The Three Sisters

By Eve Pranis

Although native peoples from different parts of North America used a wide range of agricultural techniques, perhaps the best known is the interplanting of corn, beans, and squash together -- a trio considered by the Iroquois Indians of the east as "The Three Sister."

Although not widely used in the U.S. today, interplanting of the three sisters is a well-conceived planting system in which different crops benefit one another. Many stories, customs, myths, and legends are associated with the three sisters, which have played such an important part in Indian agriculture and nutrition. Together, the crops gave strength and life to each other and nourished the people.

The corn supports the beans as they grow upward. The beans can convert nitrogen from the air into a form that plants can use. The nitrogen remaining after the beans have grown will be available for the corn, which requires a good deal of nitrogen, the following year. The squash covers the soil, helping to control weeds and deter predators such as raccoons who love to feed on corn. And the sisters complement each other nutritionally as well, with the corn supplying carbohydrates, beans giving protein and some extra vitamins, and squash contributing vitamin A.

Starting Your Own

Growing your own three sisters garden or planting the crops in a small patch outside your home or school can provide a springboard for tying in studies of Native American customs, nutrition, and folklore, as well as investigating plant growth and relationships. To plant a typical three sisters system, make slightly raised areas (hills) about 12 inches high and 18 inches in diameter three- to four-feet apart in all directions. In each hill, plant half a dozen soaked corn seeds in a small circle. (Note: popcorn doesn't usually grow tall enough for this system and may get overwhelmed by the beans." As corn plants begin to grow, weed gently, mounding up soil around the plants. When the corn is about six inches high, plant four to six seeds of pole beans around the circle. Then plant four or five pumpkin or squash seeds either in every seventh hill, or plant a couple of seeds if you have just one hill. If you plant too many, they'll overwhelm the other crops.

Be sure to pay attention to watering and fertilizing your three sisters planting. The Native Americans and early settlers, it's said, often buried a dead fish in each hill which, as it decomposed, provided nitrogen and other nutrients for the plants. Perhaps your students will want to experiment to see how well this fertilizing method works.

To enrich a three sisters planting project, consider researching some of the folklore and customs surrounding planting these crops. For instance, the Iroquois planted the seeds "with kind thoughts three days before the full moon." Garden consultant Judy Isacoff Thomas had students in Castleton, NY, create and use "magic planting sticks" from felled trees, decorated with yarn, cornhusks, and feathers.

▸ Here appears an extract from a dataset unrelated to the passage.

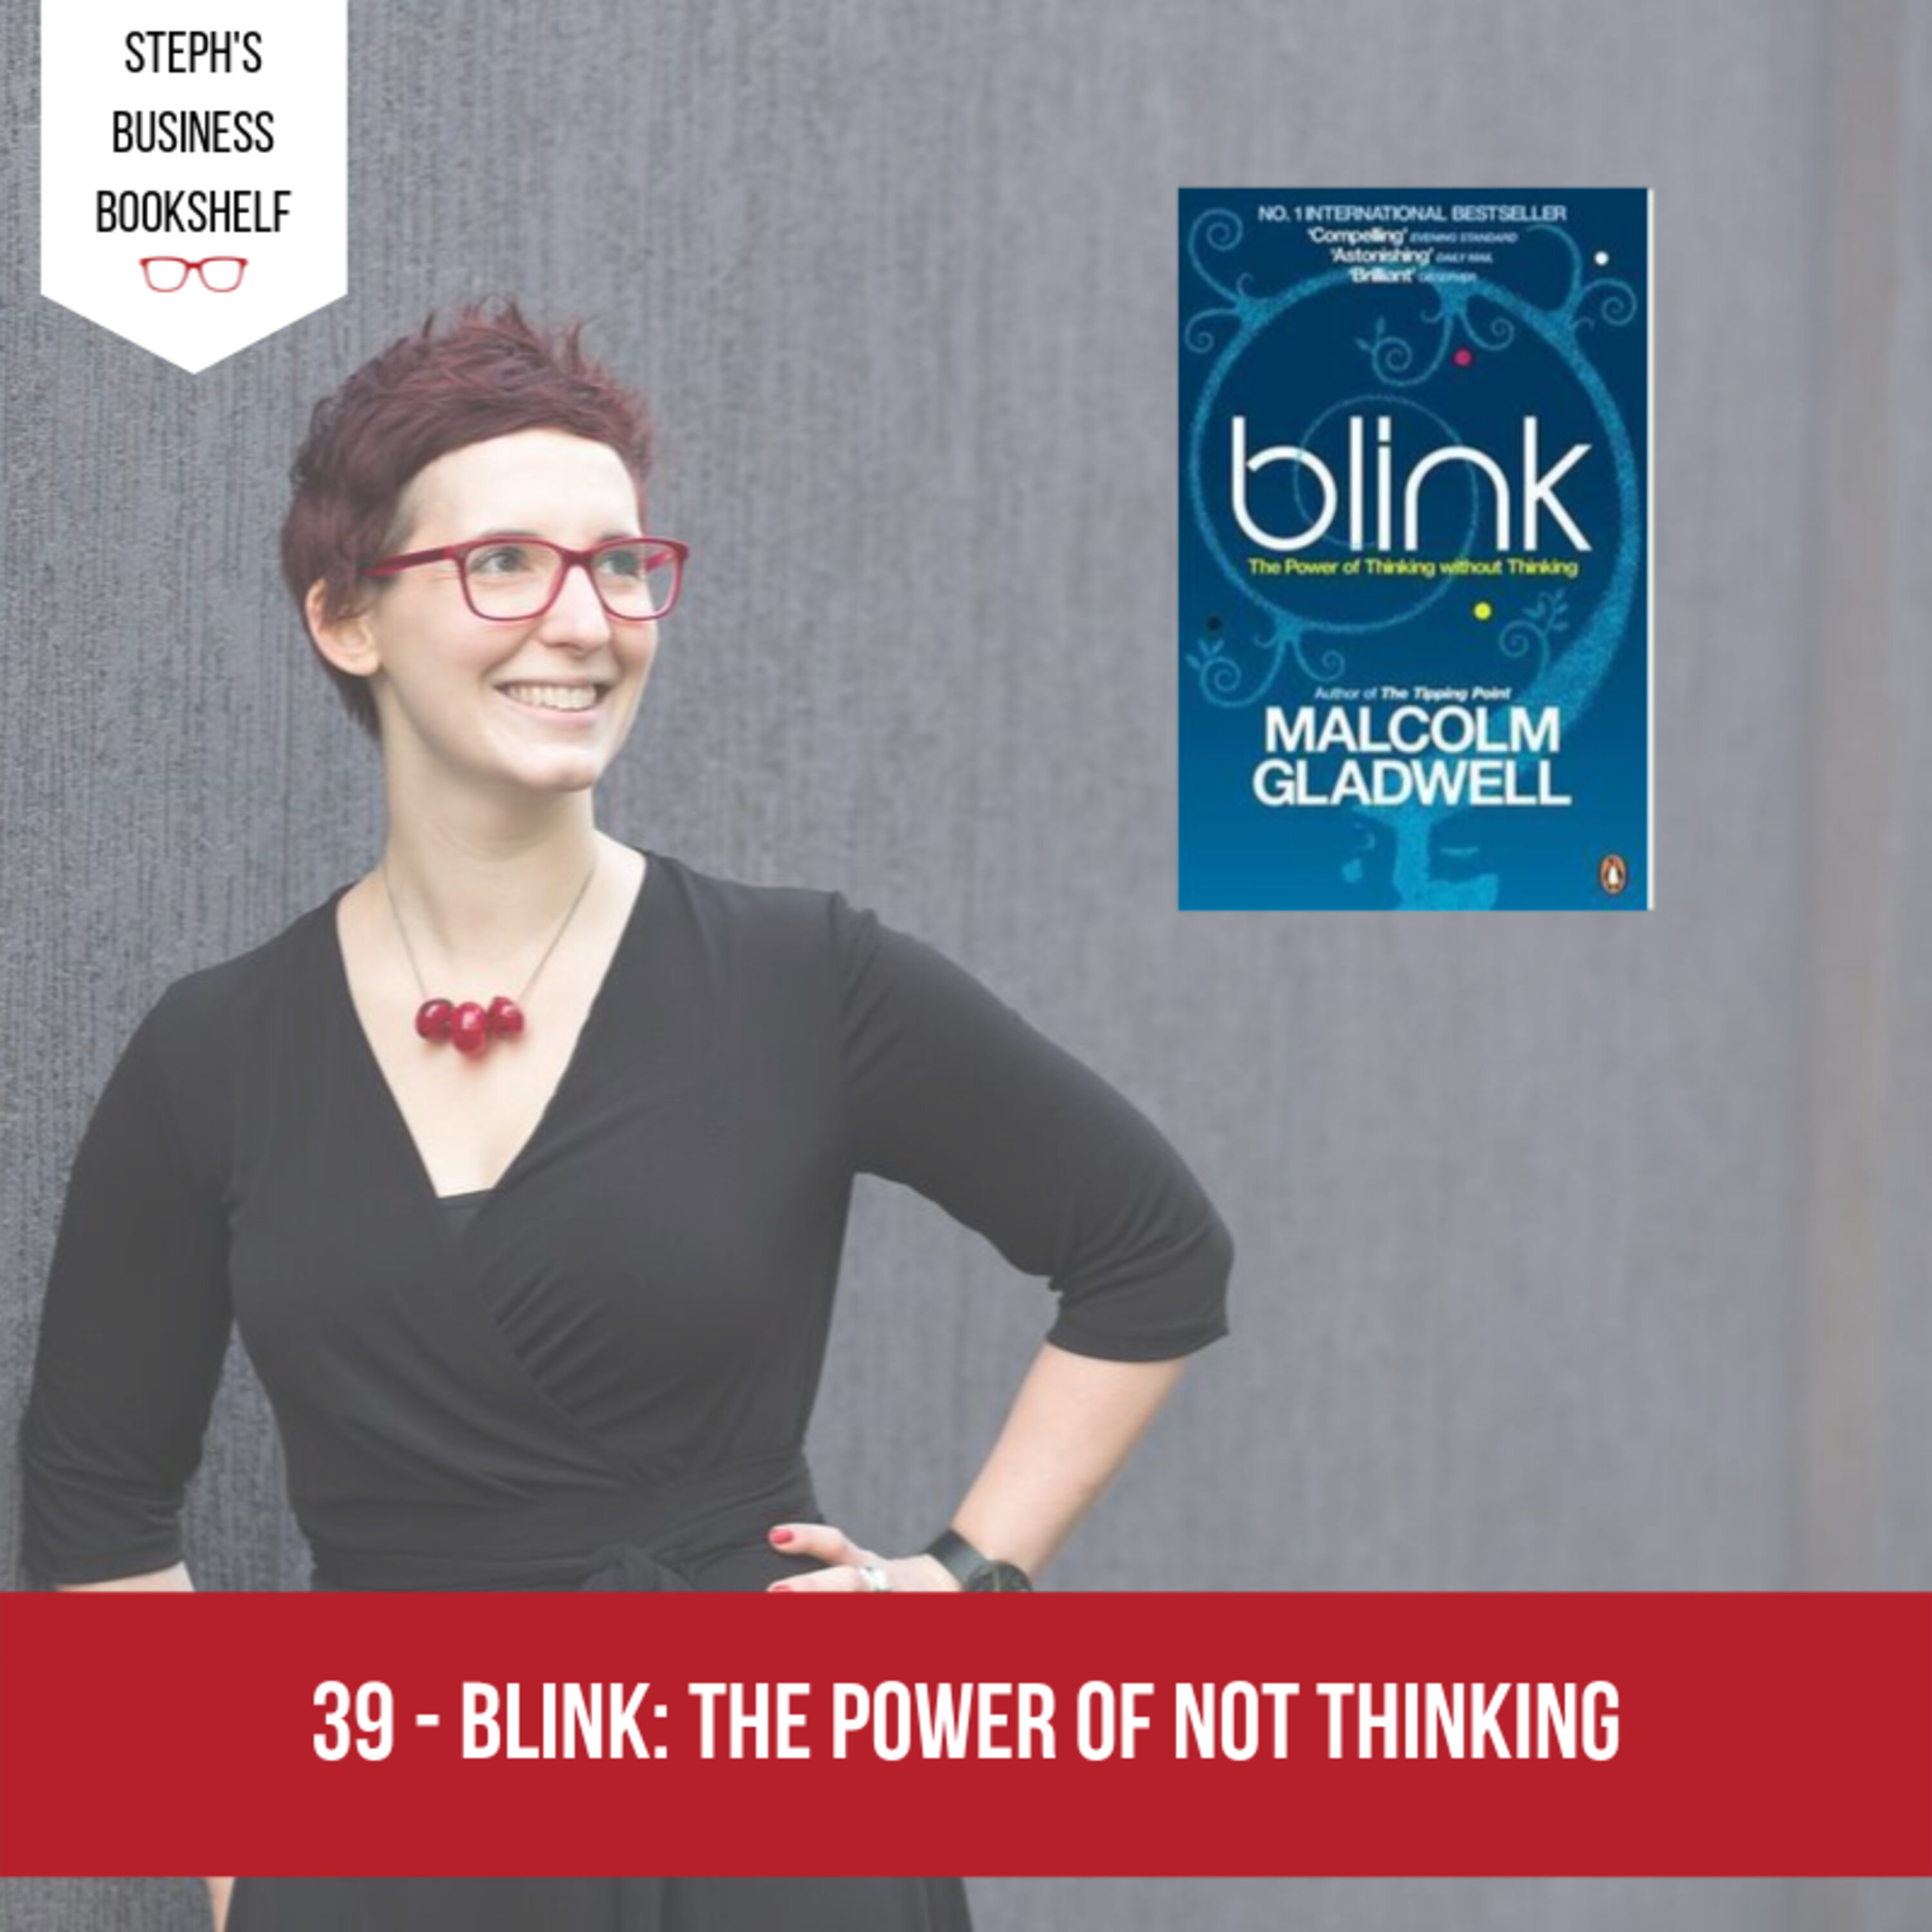 Blink by Malcolm Gladwell: the power of not thinking

Three Sisters in Miniature

"We had talked about the three sisters, but didn't have the room outdoors to plant them," reports fourth grade teacher Wendy Maynard, in Daly City, CA. "So students suggested trying to grow them right in the GrowLab." Using a large pot, the students figured out that based on planting distances, they could only plant one corn plant, two bean plants, and one squash plant.

Although they never expected to grow these crops to maturity indoors, they were able to see the pole beans twine around the corn, the squash forming a lower mat, and began to get a sense of how the three sisters grew together.